Mayor Gager was speaking at the recent monthly meeting of the TMC, where a member of the Chinese community, Joy Chin-See Livingstone, presented the corporation with an archival ‘Red Box’ containing a universal serial bus (USB) with documents and photographs chronicling the role the Chinese families played in the economic development of Falmouth between 1900 and 2000.
A plaque memorialising the presence of the Chinese in Falmouth and their commercial activities was also unveiled at the Falmouth courthouse building earlier.
Mayor Gager thanked Chin-See Livingstone for the gift.
“When we shall have left this place, the information should be left [for successive generations] to have access … and when the rain, dust and moth destroy what is on display in the mayor’s parlour and walls of the courthouse, the material in the Red Box can be used to reproduce what we have,” he noted.
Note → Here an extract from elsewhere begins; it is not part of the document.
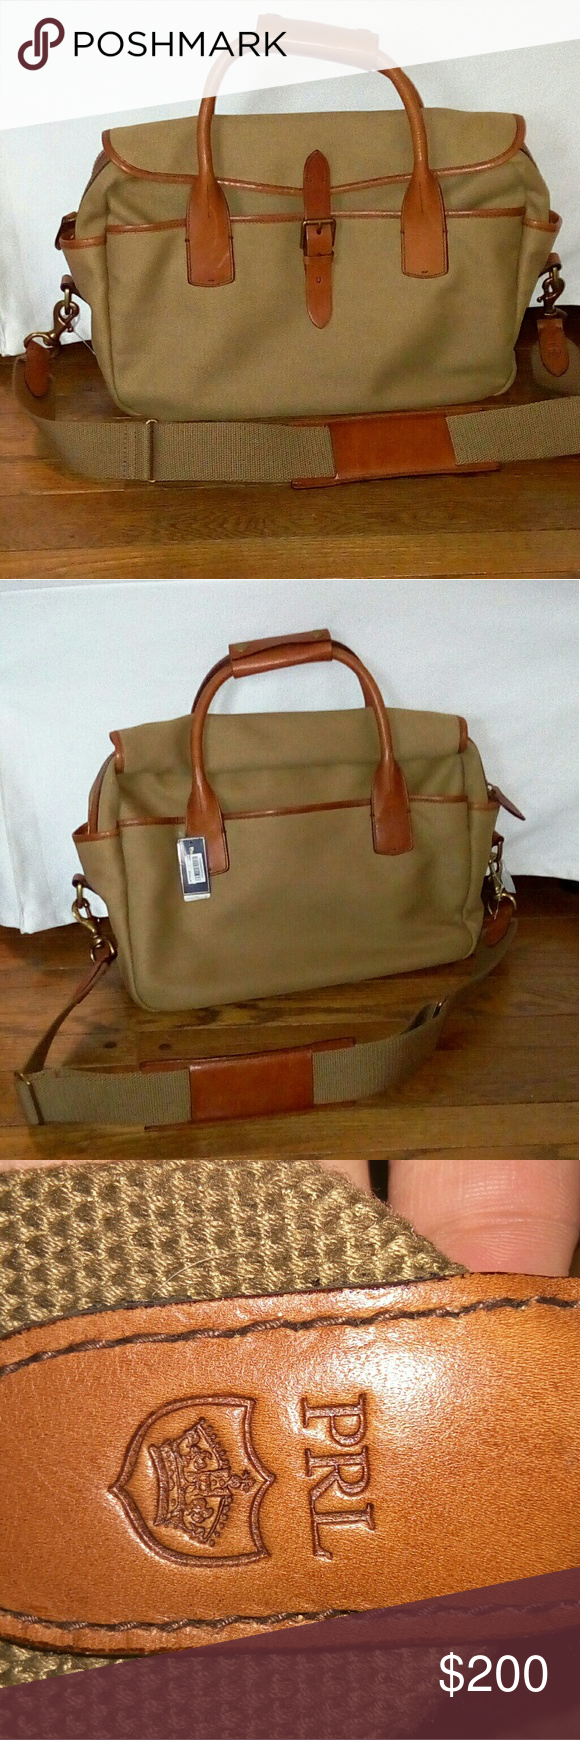 I just added this listing on Poshmark  NWT Ralph Lauren Laptop Bag.   shopmycloset  poshmark  fashion  shopping  style  forsale  Ralph Lauren   Handbags 067831bebc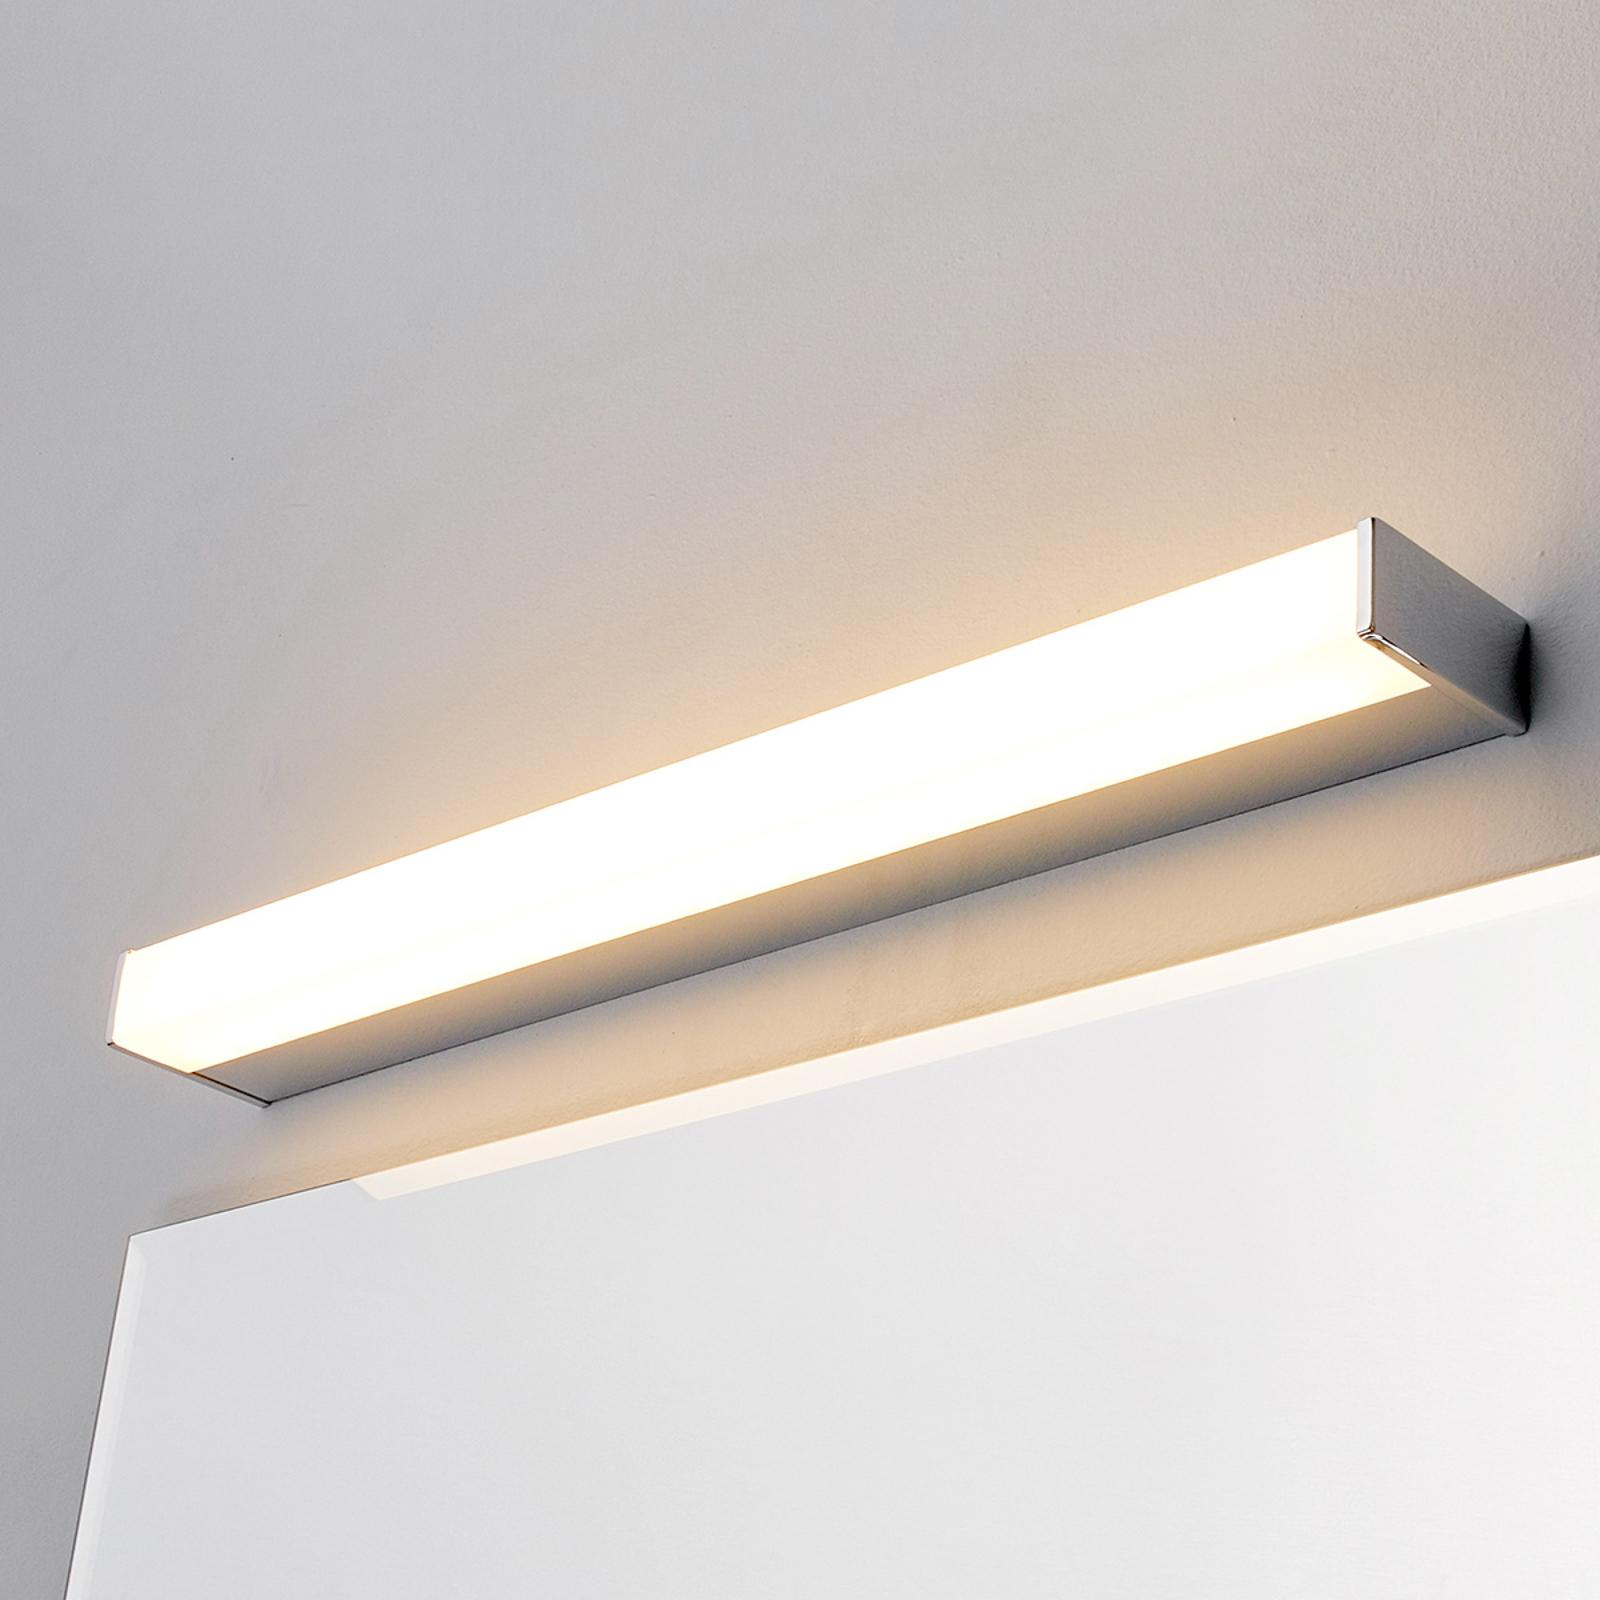 Lampada LED Philippa da bagno, angolare 58,8cm

For her part, Chin-See Livingstone explained the gift was a compendium of the commercial and social investments made by members of the Chinese community in the capital town and surrounding areas for over a century.
She said the occasion also marked the launch of a plan to preserve her family’s legacy over the next 500 years.
Speaking of the contributions of her family, Chin-See Livingstone said they are responsible for establishing several businesses that have helped to fashion the commercial landscape of not just Falmouth, but the parish by extension.
These include soya sauce, pepper and aluminium pot manufacturing enterprises in the Martha Brae/Hague area.
The Red Box also contained the names of supermarkets, haberdasheries, and dry goods stores, some of which are still providing employment for families in the town and surrounding areas.
The Chin-Sees were among indentured workers who came to Jamaica between 1854 (circa) and 1970 and established a mercantile industry in the townships where they resided.
Chin-See Livingstone, who is Jamaica-born and educated, currently resides in Canada and is a regular visitor to Falmouth.
She made a similar presentation to the Trelawny Parish Library.